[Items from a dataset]
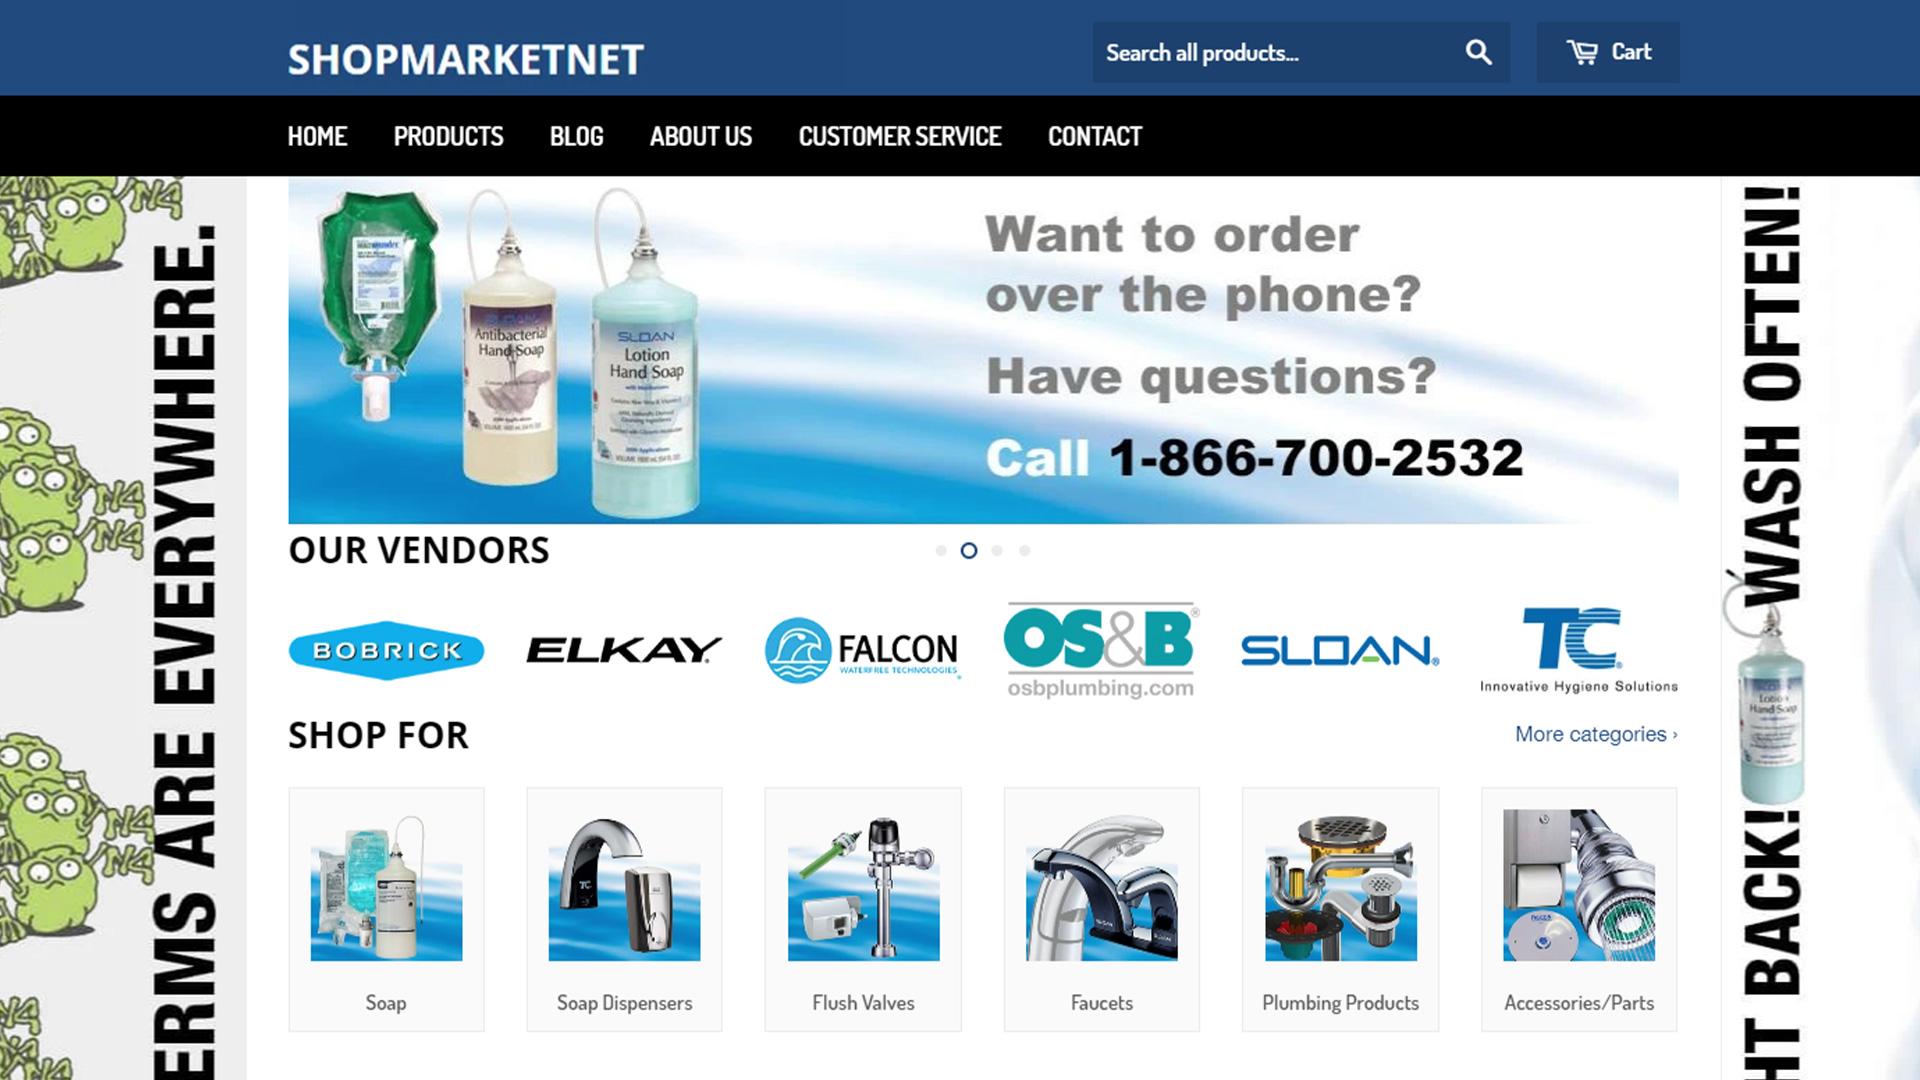 ShopMarketnet.com
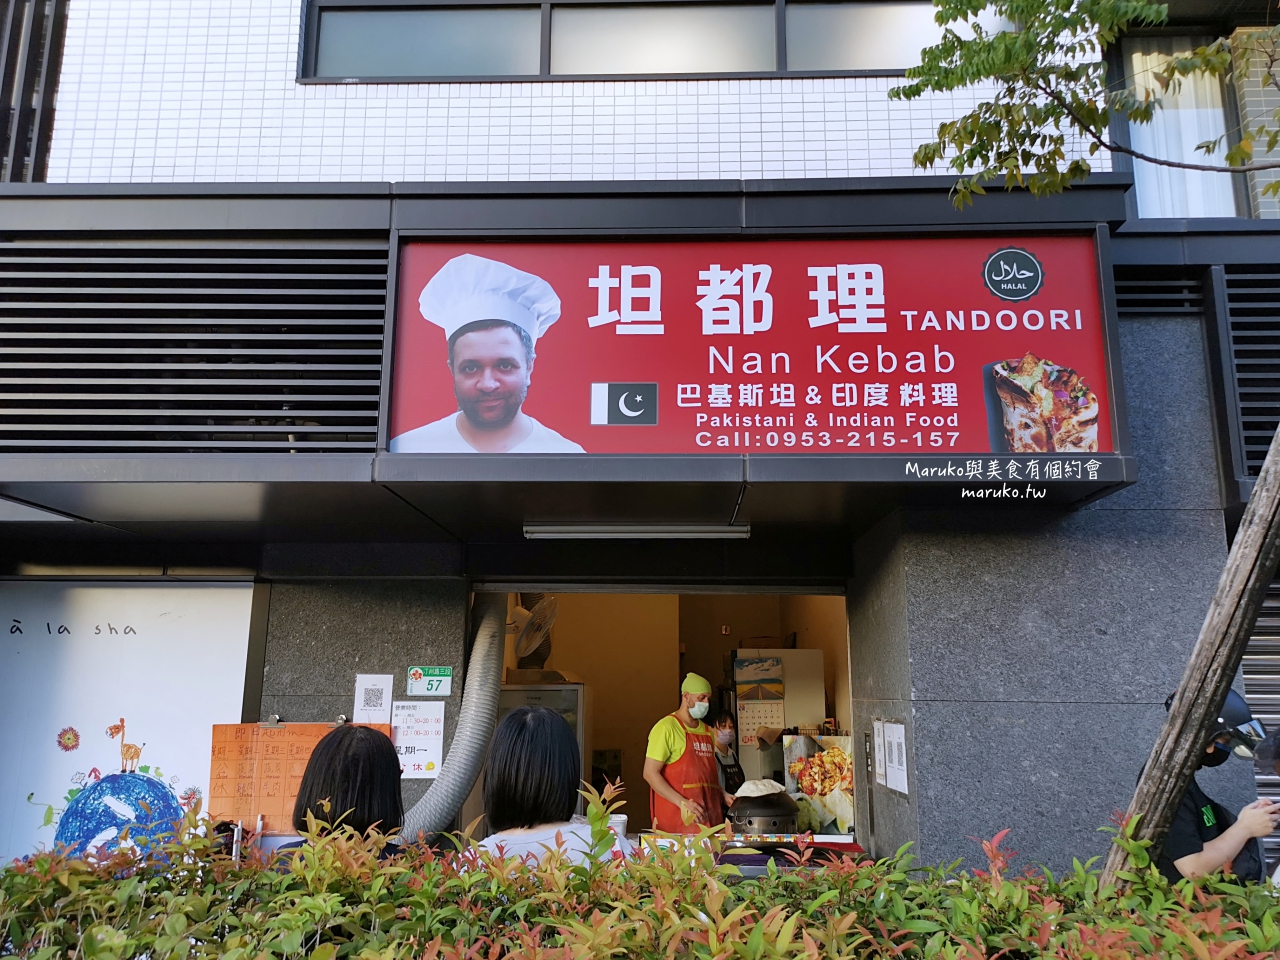 台北 公館坦都理 現擀烤餅 餡料實在分量大 推假日限定BBQ烤肉 @Maruko與美食有個約會
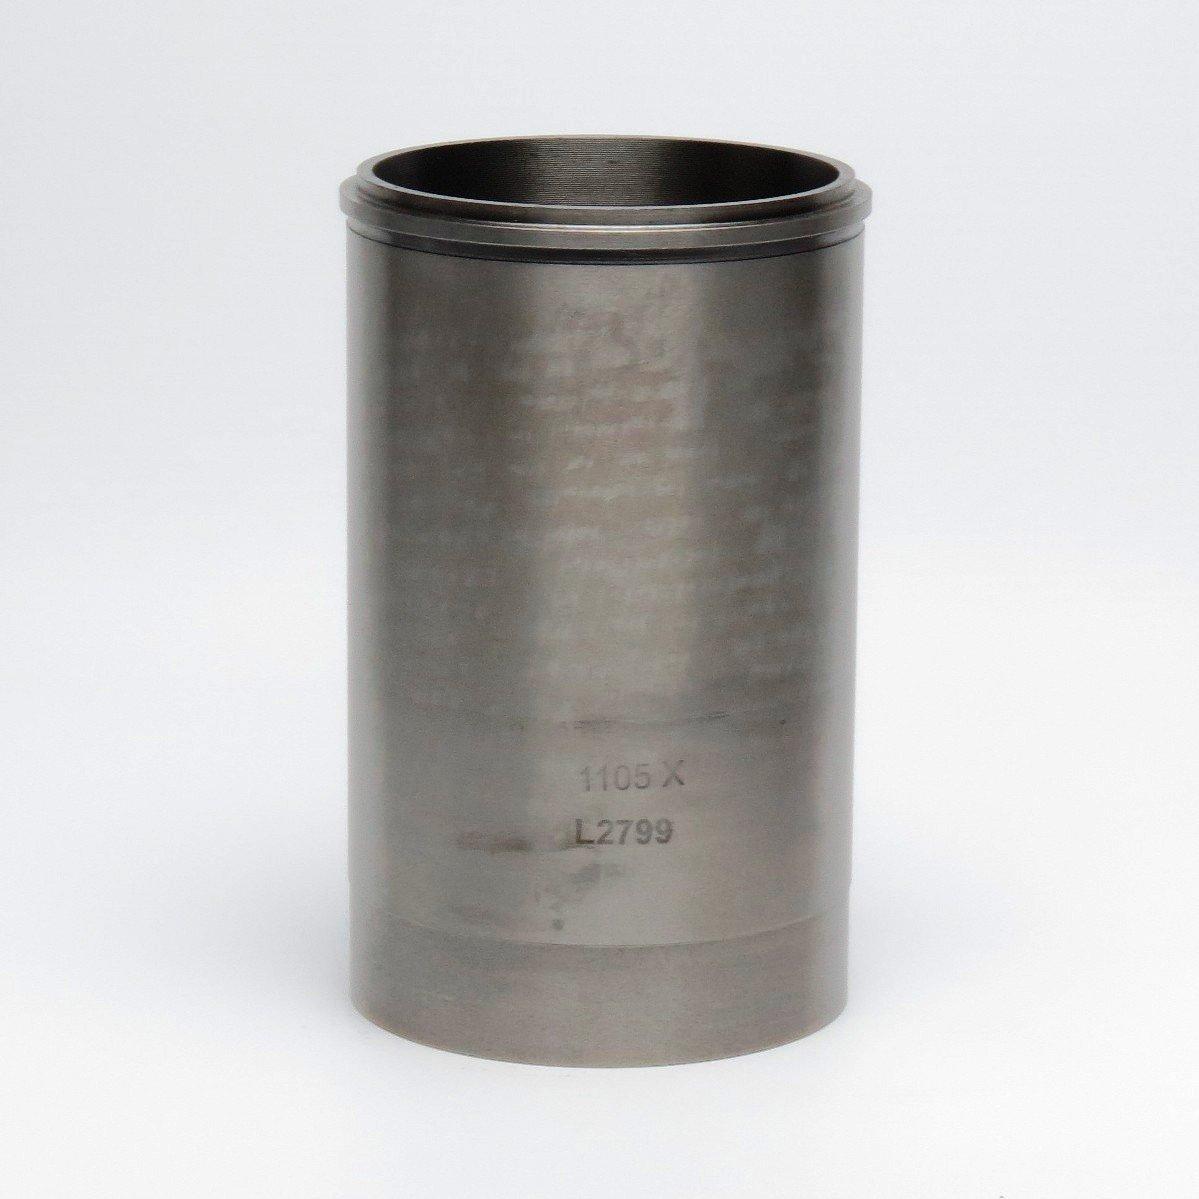 L 2799 - Cylinder Repair Liner
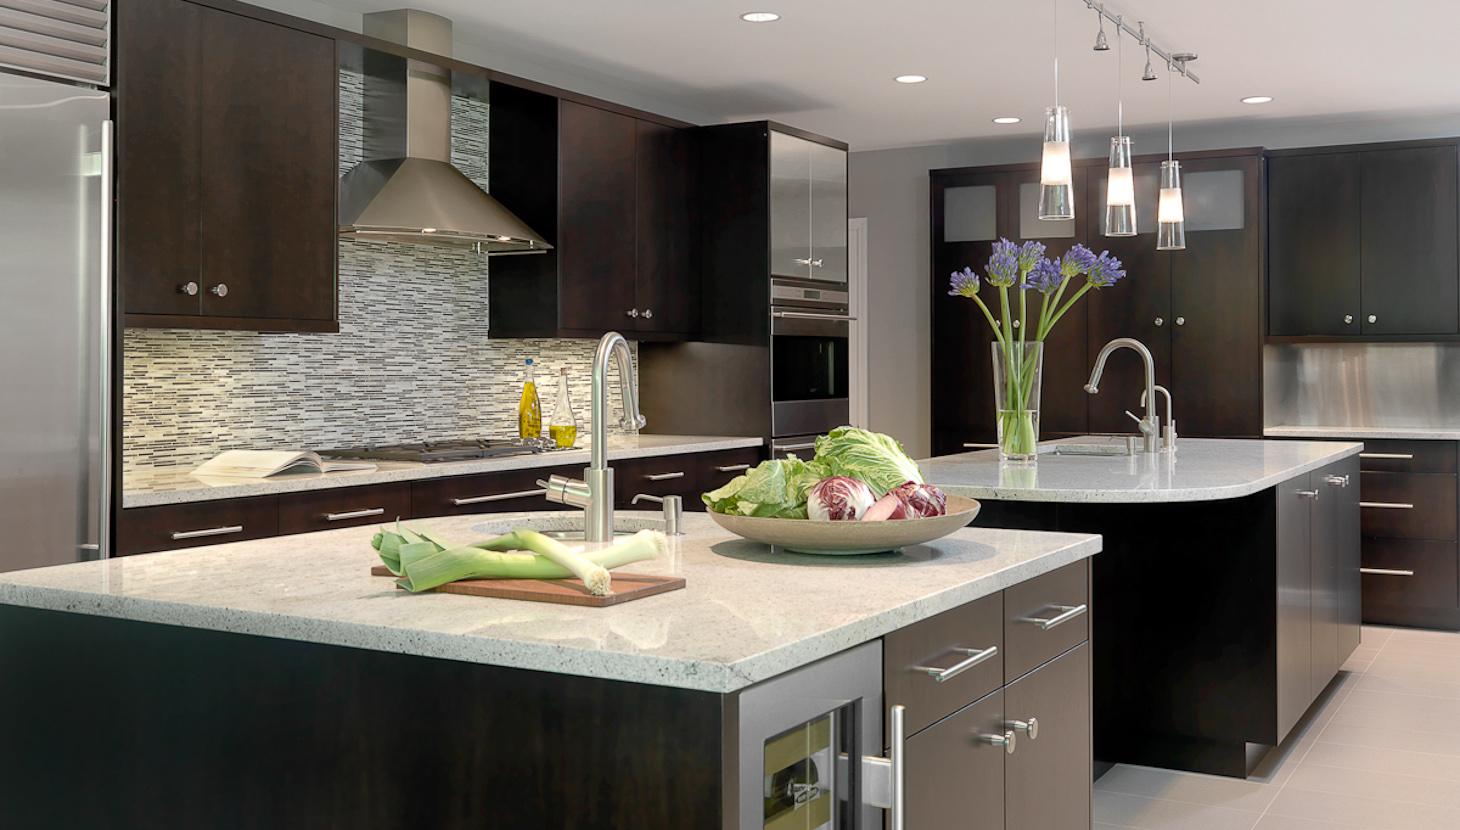 modern sky blue colour kitchen interior design playuna kitchen WYNPKOG
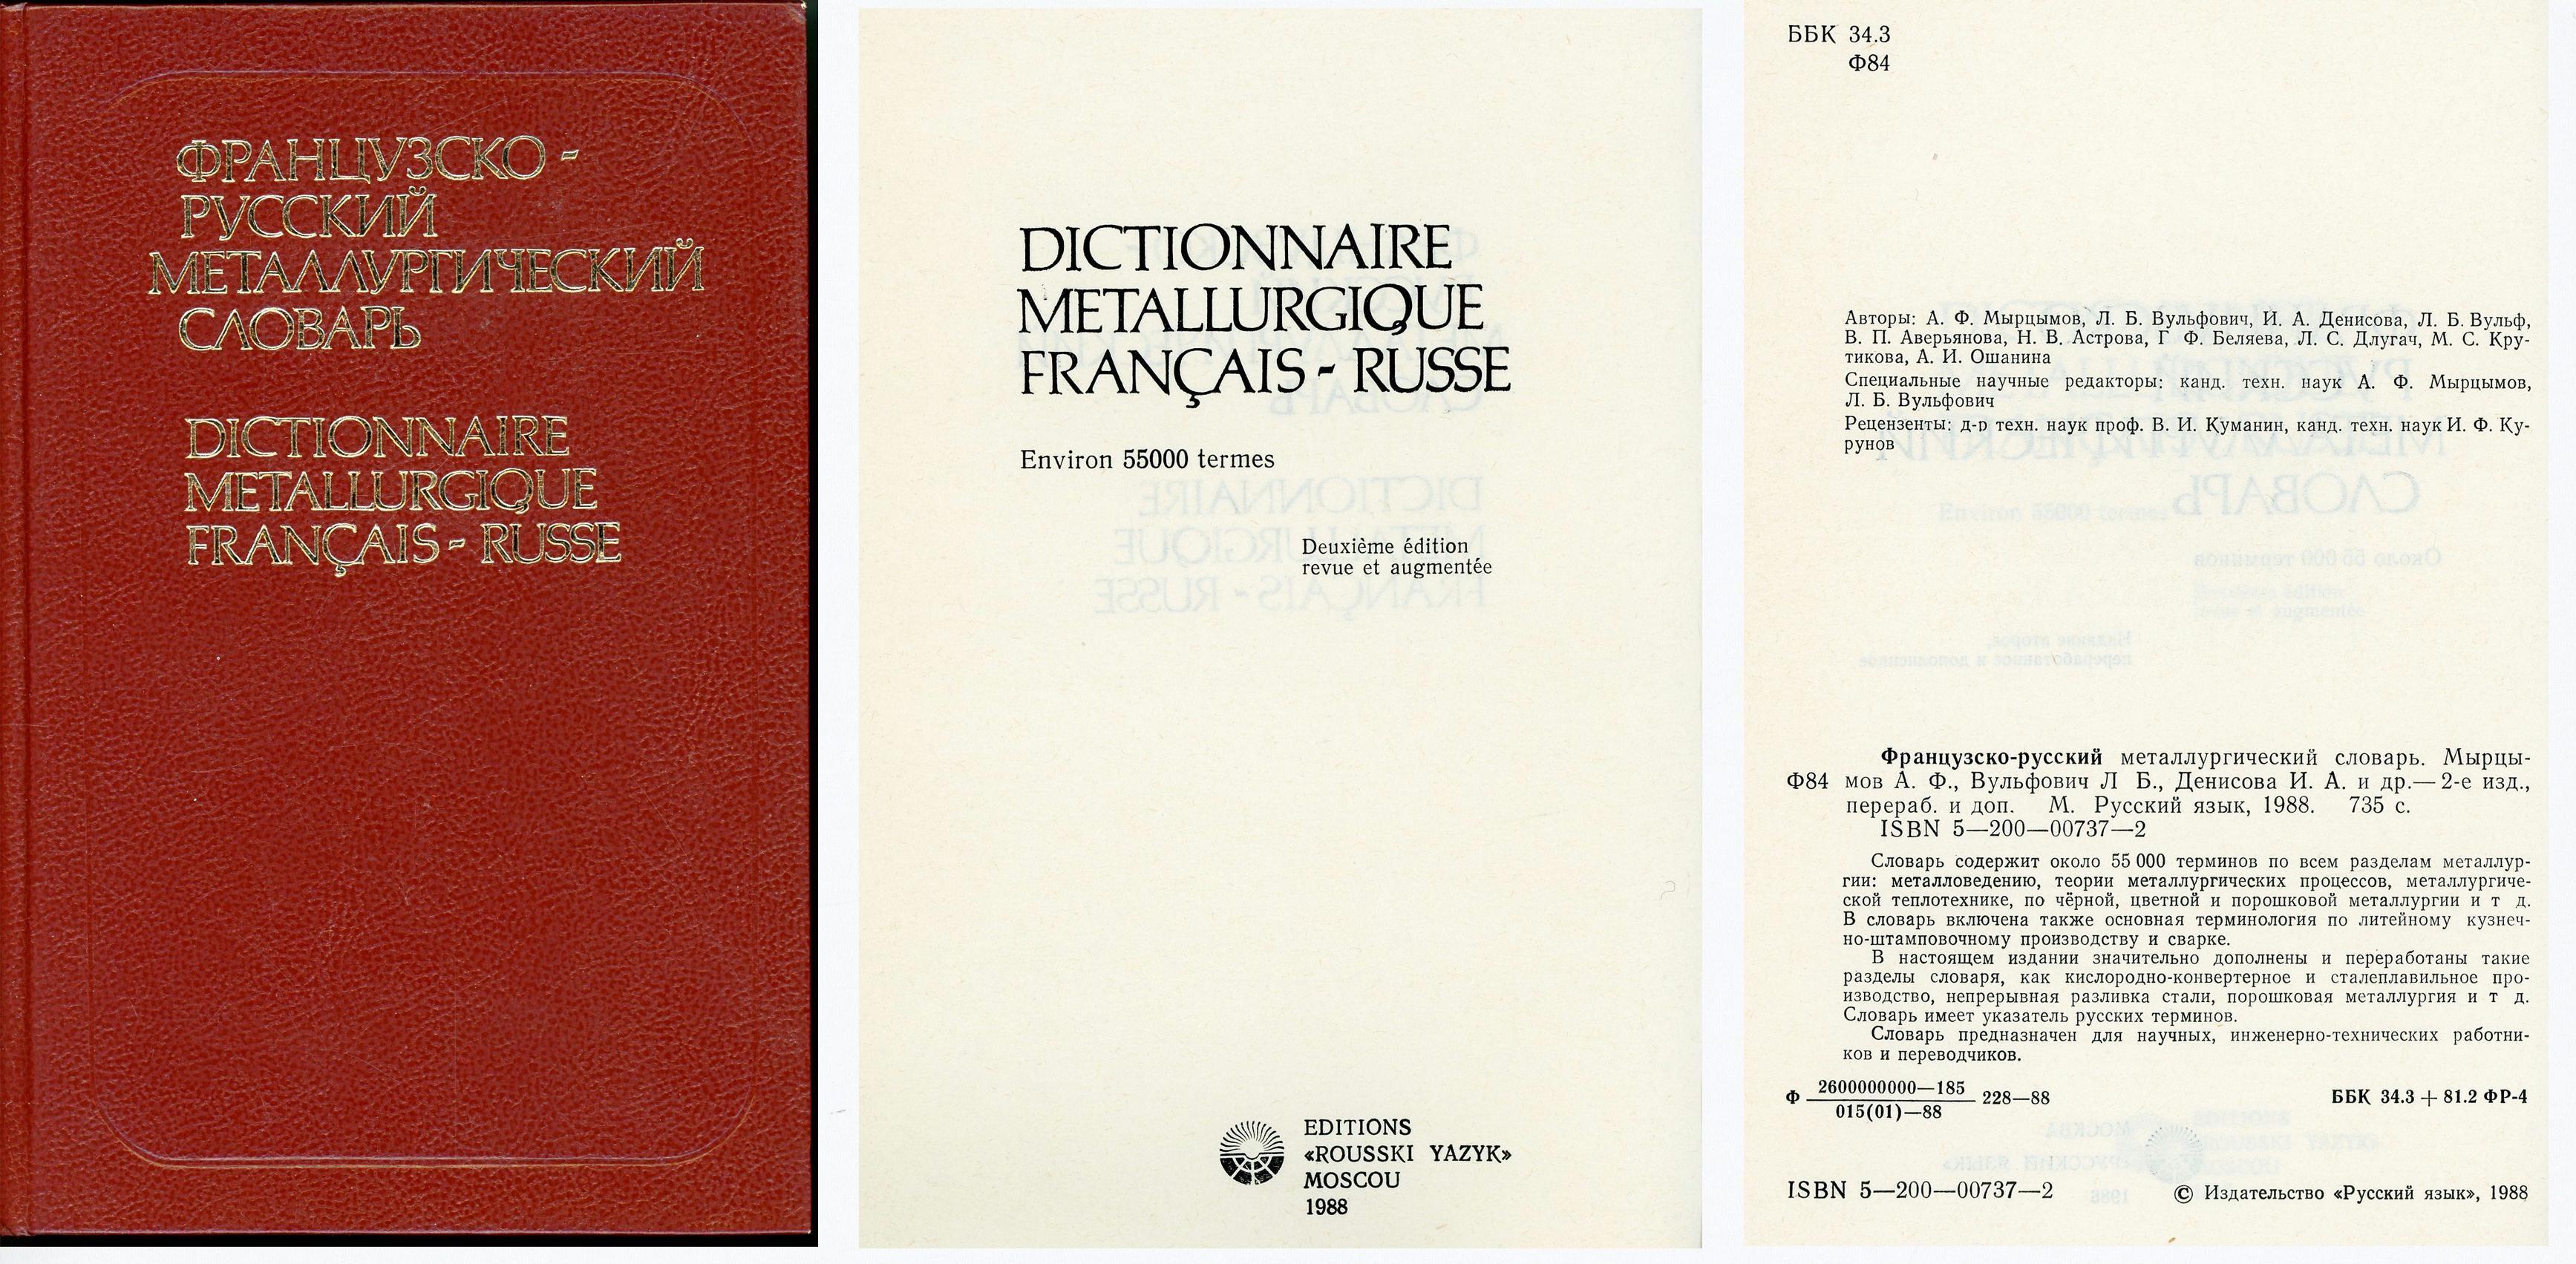 Dictionnaire de la métallurgie  (Français - Russe) 35 Saint-Laurent-de-Mure (69)

### TASK PROMPT
Exactly as written, restate the lines from the one that contains "台北 公館坦都理 現擀烤餅" through the final line of the data, both ends included, but leave out the pictures.

### RESPONSE
 台北 公館坦都理 現擀烤餅 餡料實在分量大 推假日限定BBQ烤肉 @Maruko與美食有個約會
 L 2799 - Cylinder Repair Liner
 modern sky blue colour kitchen interior design playuna kitchen WYNPKOG
 Dictionnaire de la métallurgie  (Français - Russe) 35 Saint-Laurent-de-Mure (69)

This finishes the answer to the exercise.